Any other thoughts on this?
Thanks,
Matteo

2016-05-12 13:09 GMT+02:00 Matteo Luzzi <matteo.lu...@gmail.com>:

> I found also this suspicious log snippet that might be revelant. The task
> executed by thread 134 is the one that won't receive messages
>
> INFO Attempt to heart beat failed since the group is rebalancing, try to
> re-join group.
> (org.apache.kafka.clients.consumer.internals.AbstractCoordinator:633)
> [2016-05-12 10:27:09,623] INFO
> [kafka-connect-topic-0, kafka-connect-topic-1, kafka-connect-topic-2, 
> kafka-connect-topic-3, kafka-connect-topic-4, kafka-connect-topic-5]
> topic-partitions are revoked
> from this thread task 134 
> (com.connect.elasticsearch_kafka_connector.task.ElasticsearchTask:99)
> [2016-05-12 10:27:09,623] INFO
> org.apache.kafka.connect.runtime.WorkerSinkTask@5c29784c Committing
> offsets (org.apache.kafka.connect.runtime.WorkerSinkTask:187)

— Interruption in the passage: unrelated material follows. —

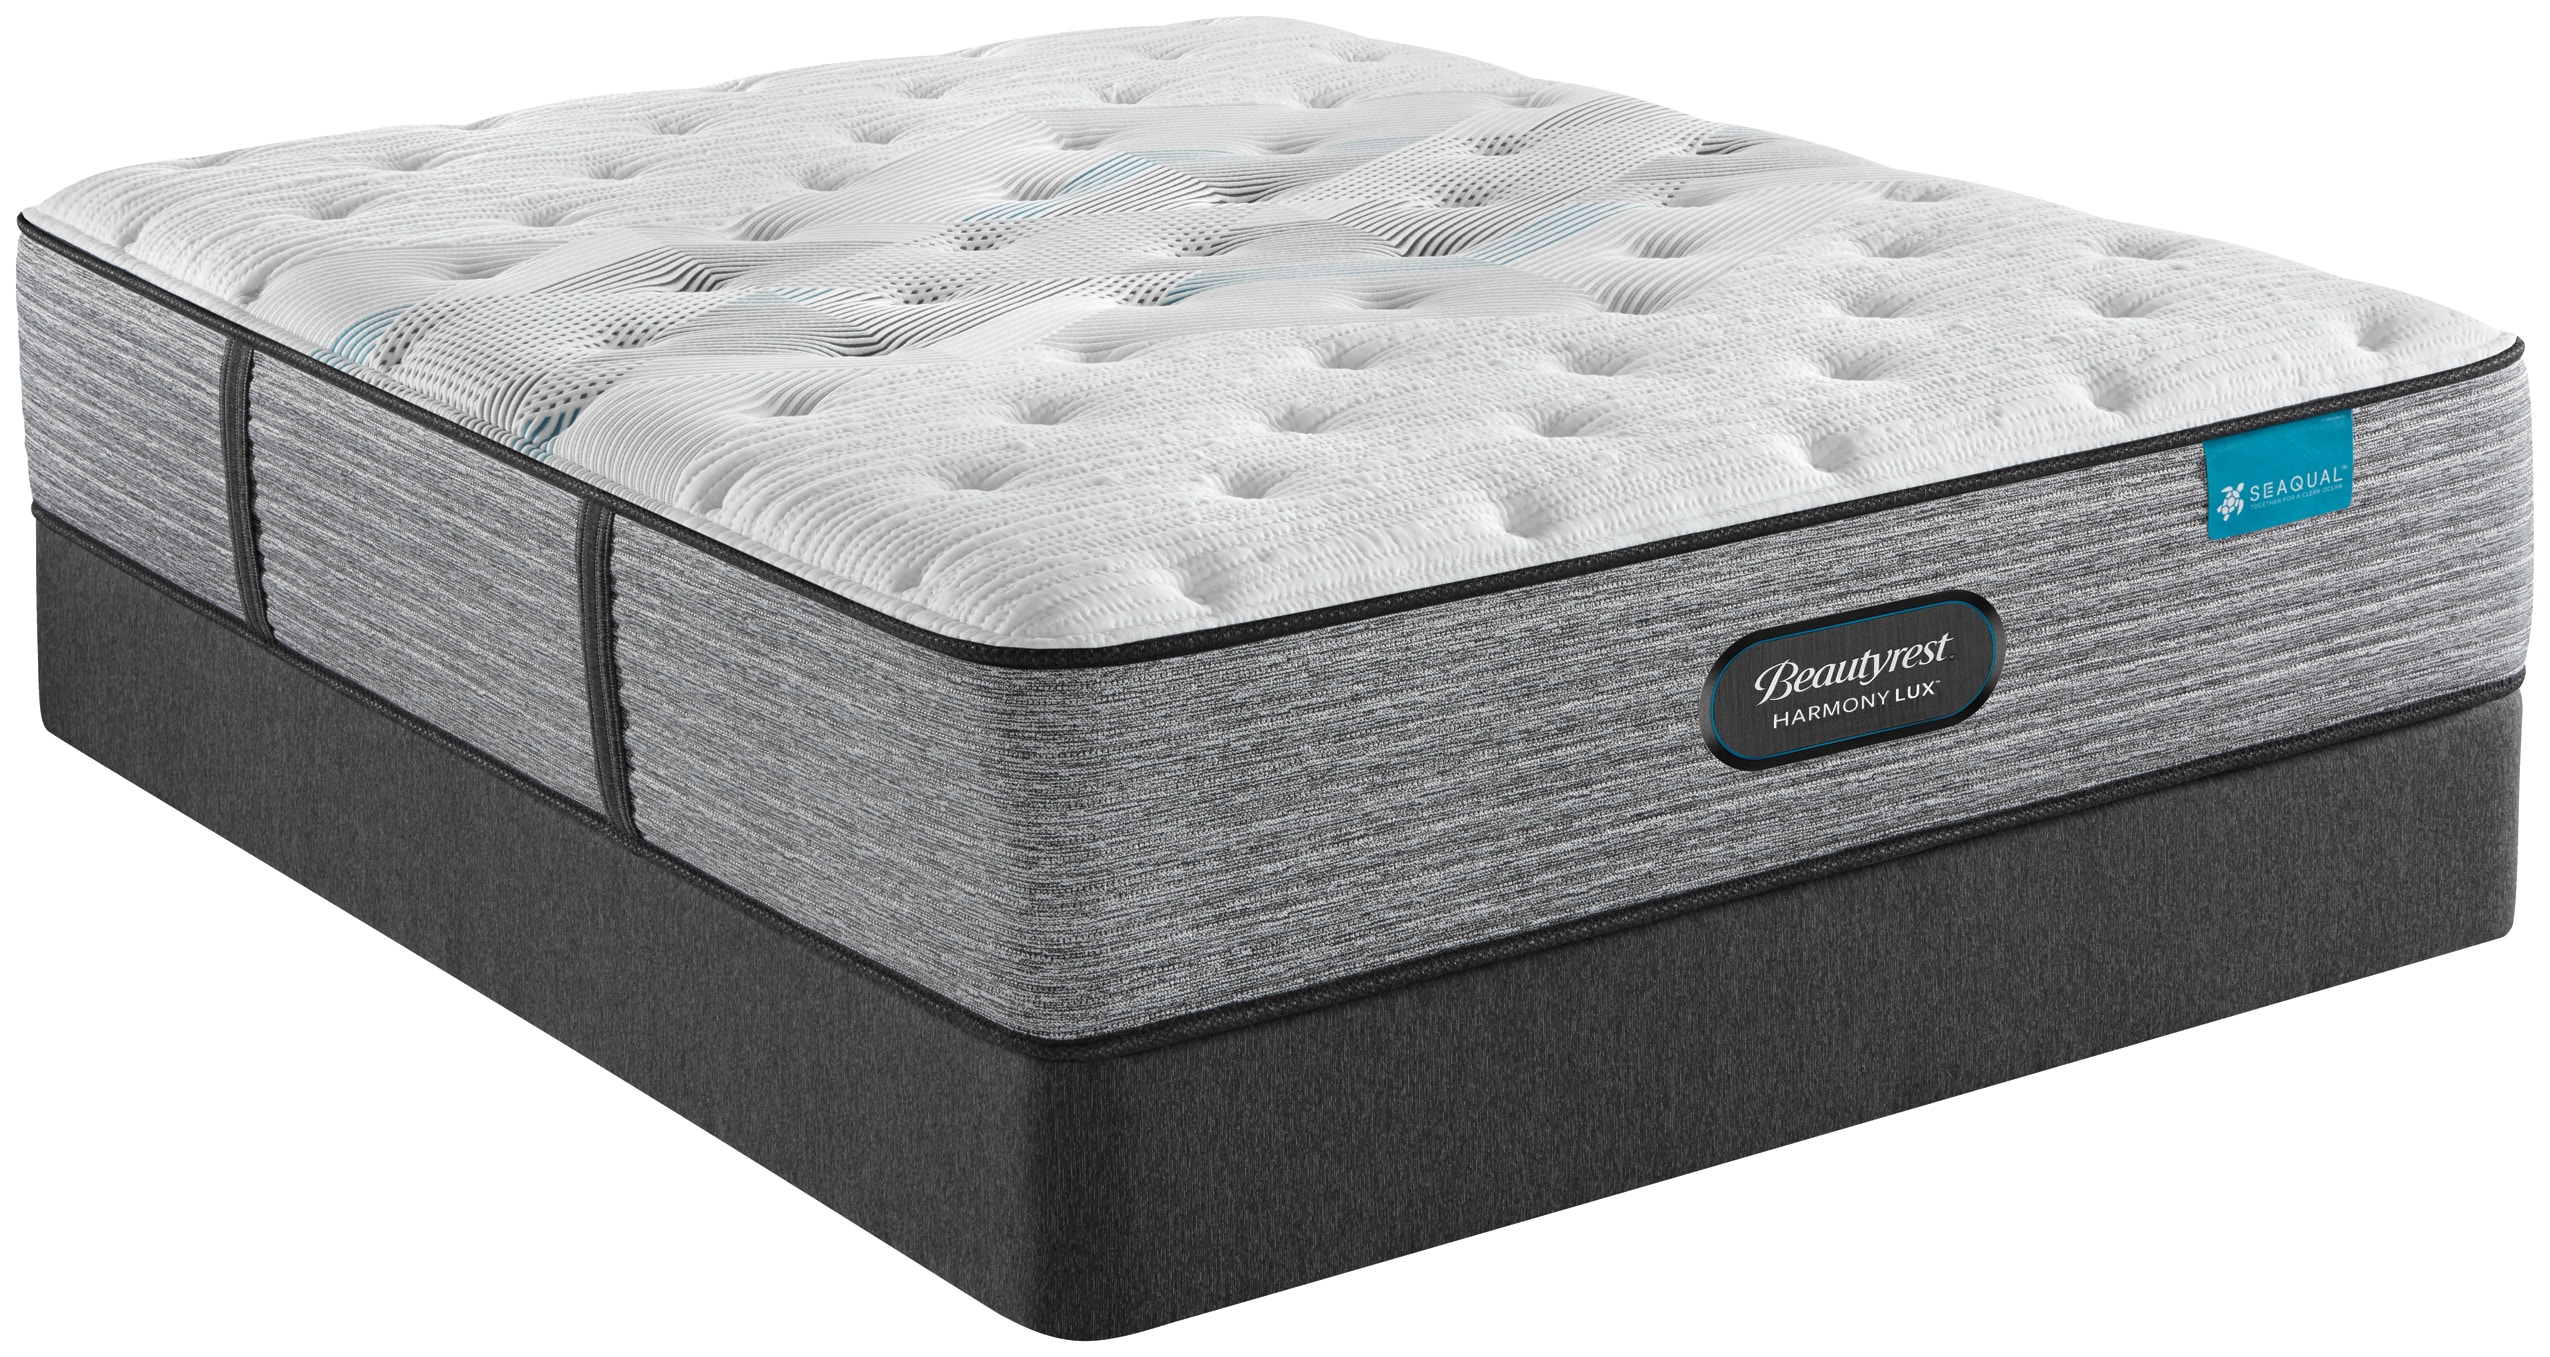 beautyrest plush pillow top mattress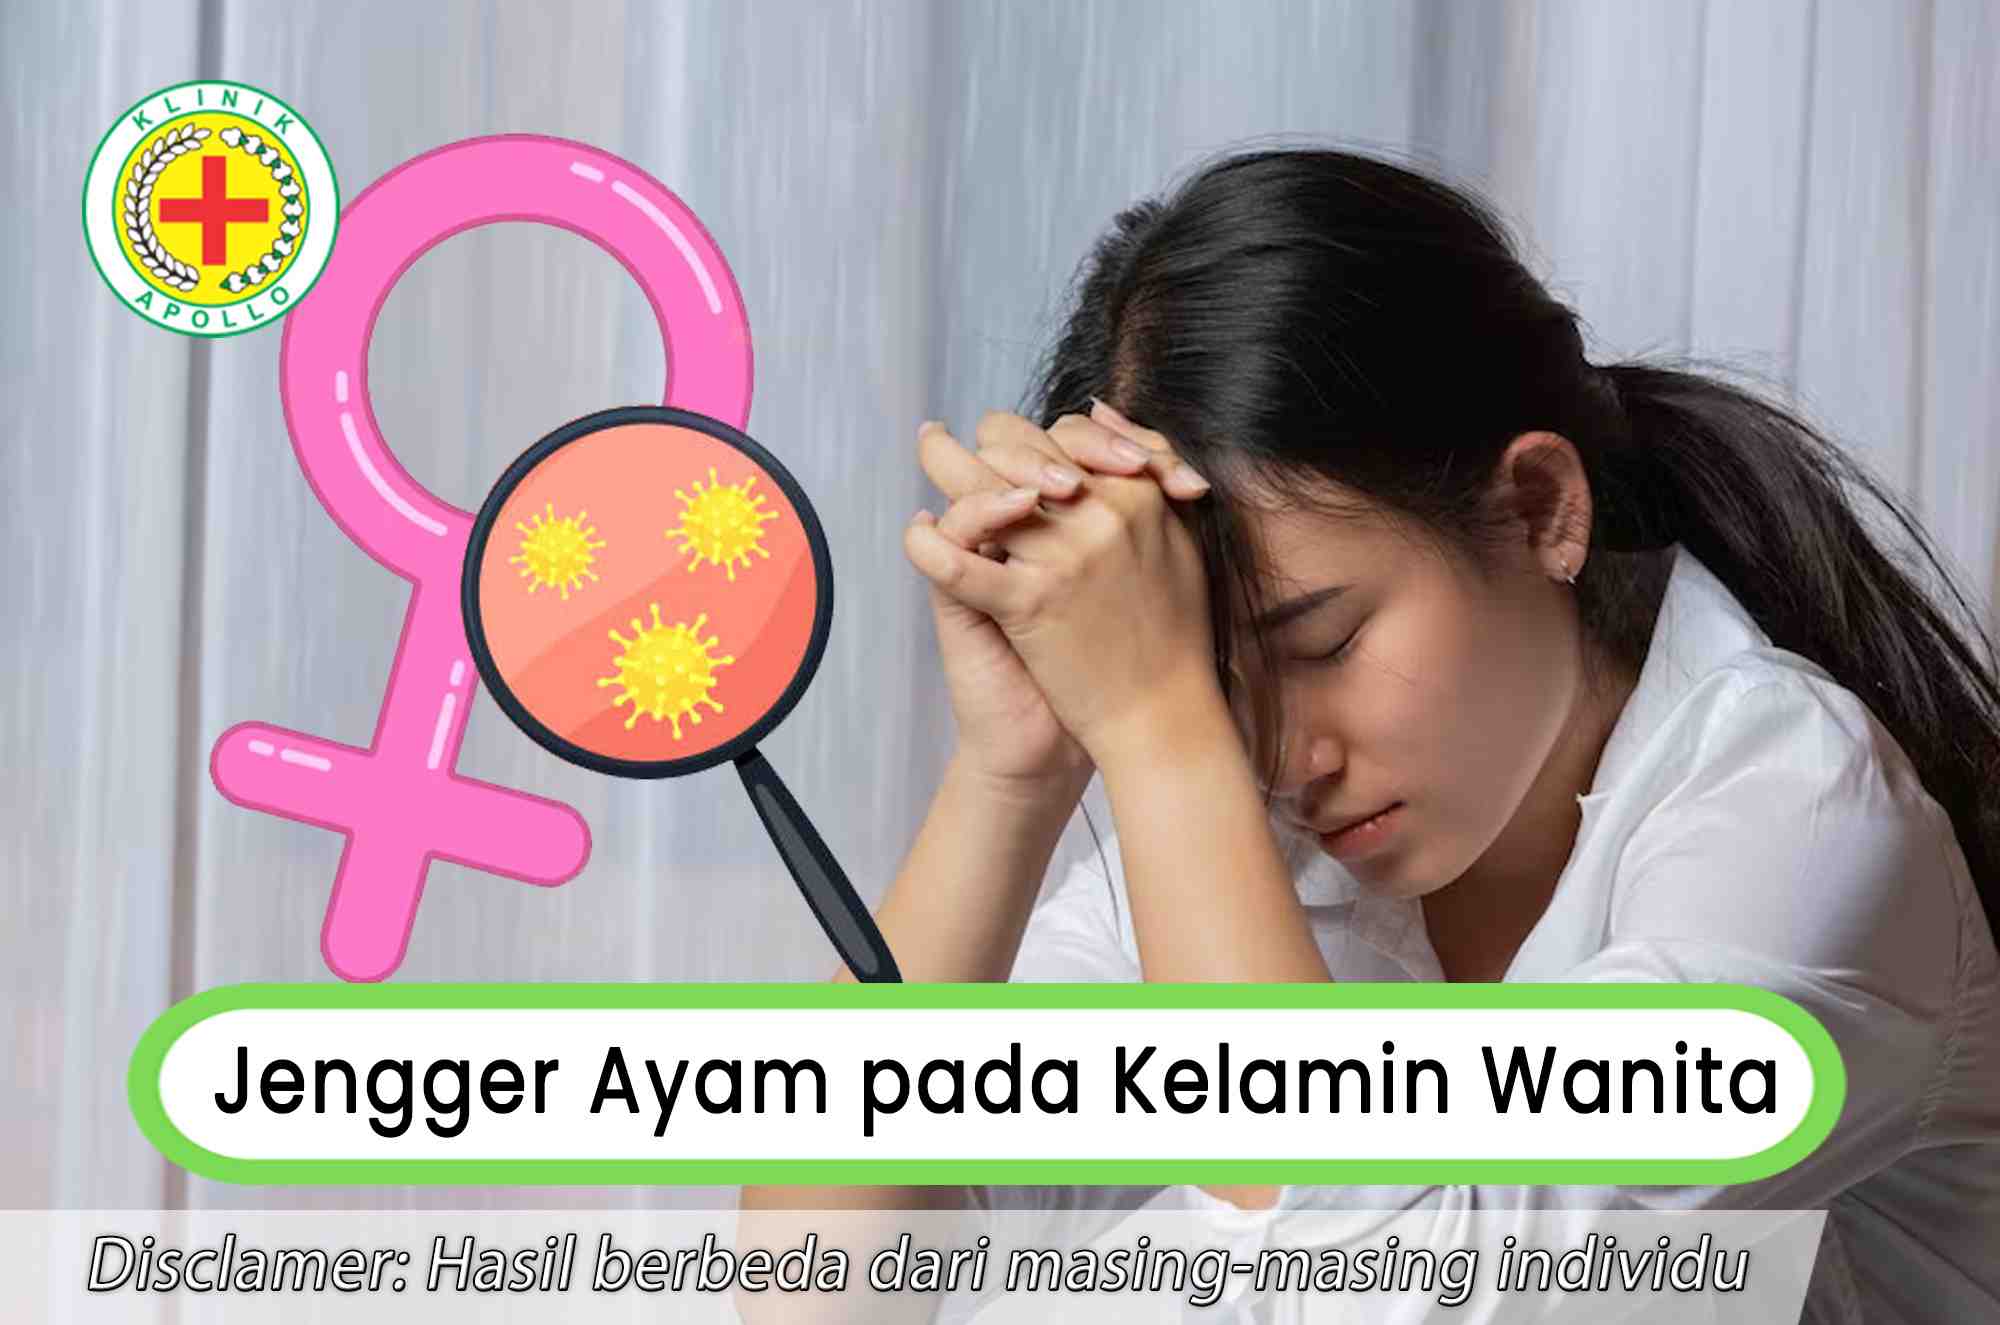 Jika Anda mengalami jengger ayam pada kelamin wanita, hubungi dokter ahli di Klinik Apollo Jakarta.

> [2016-05-12 10:27:09,634] INFO [kafka-connect-topic-0] topic-partitions
> are assigned from this thread task 134
> (com.connect.elasticsearch_kafka_connector.task.ElasticsearchTask:92)
>
> 2016-05-12 8:58 GMT+02:00 Matteo Luzzi <matteo.lu...@gmail.com>:
>
>> Hi, Liquan
>>
>> I run the two workers inside docker containers and a connector having 6
>> tasks. They read from a topic having 6 partitions Then I kill one of the
>> two containers using docker kill or docker restart command. When the
>> container is up again a rebalance happens and sometimes few tasks don't
>> consume messages anymore even thought the onPartitionAssigned functions
>> says that they are handling a partition of the topic. Let me know if you
>> need other information
>> I use Kafka 0.9.0.
>>
>> Thanks for the help,
>> Matteo
>>
>> 2016-05-11 22:57 GMT+02:00 Liquan Pei <liquan...@gmail.com>:
>>
>>> Hi Matteo,
>>>
>>> I am not completely follow the steps.  Can you share the exact command to
>>> reproduce the issue? What kind of commands did you use to restart the
>>> connector? Which version of Kafka are you using?
>>>
>>> Thanks,
>>> Liquan
>>>
>>> On Wed, May 11, 2016 at 4:40 AM, Matteo Luzzi <matteo.lu...@gmail.com>
>>> wrote:
>>>
>>> > Hi again, I was able to reproduce the bug in the same scenario (two
>>> workers
>>> > on separate machines) just by deleting the connector from the Rest API
>>> and
>>> > then restarting it again.
>>> > I also got this error on one of the workers :
>>> > [2016-05-11 11:29:47,034] INFO 172.17.42.1 - - [11/May/2016:11:29:45
>>> +0000]
>>> > "DELETE /connectors/kafka-sink-connector HTTP/1.1" 204 -  1171
>>> > (org.apache.kafka.connect.runtime.rest.RestServer:60)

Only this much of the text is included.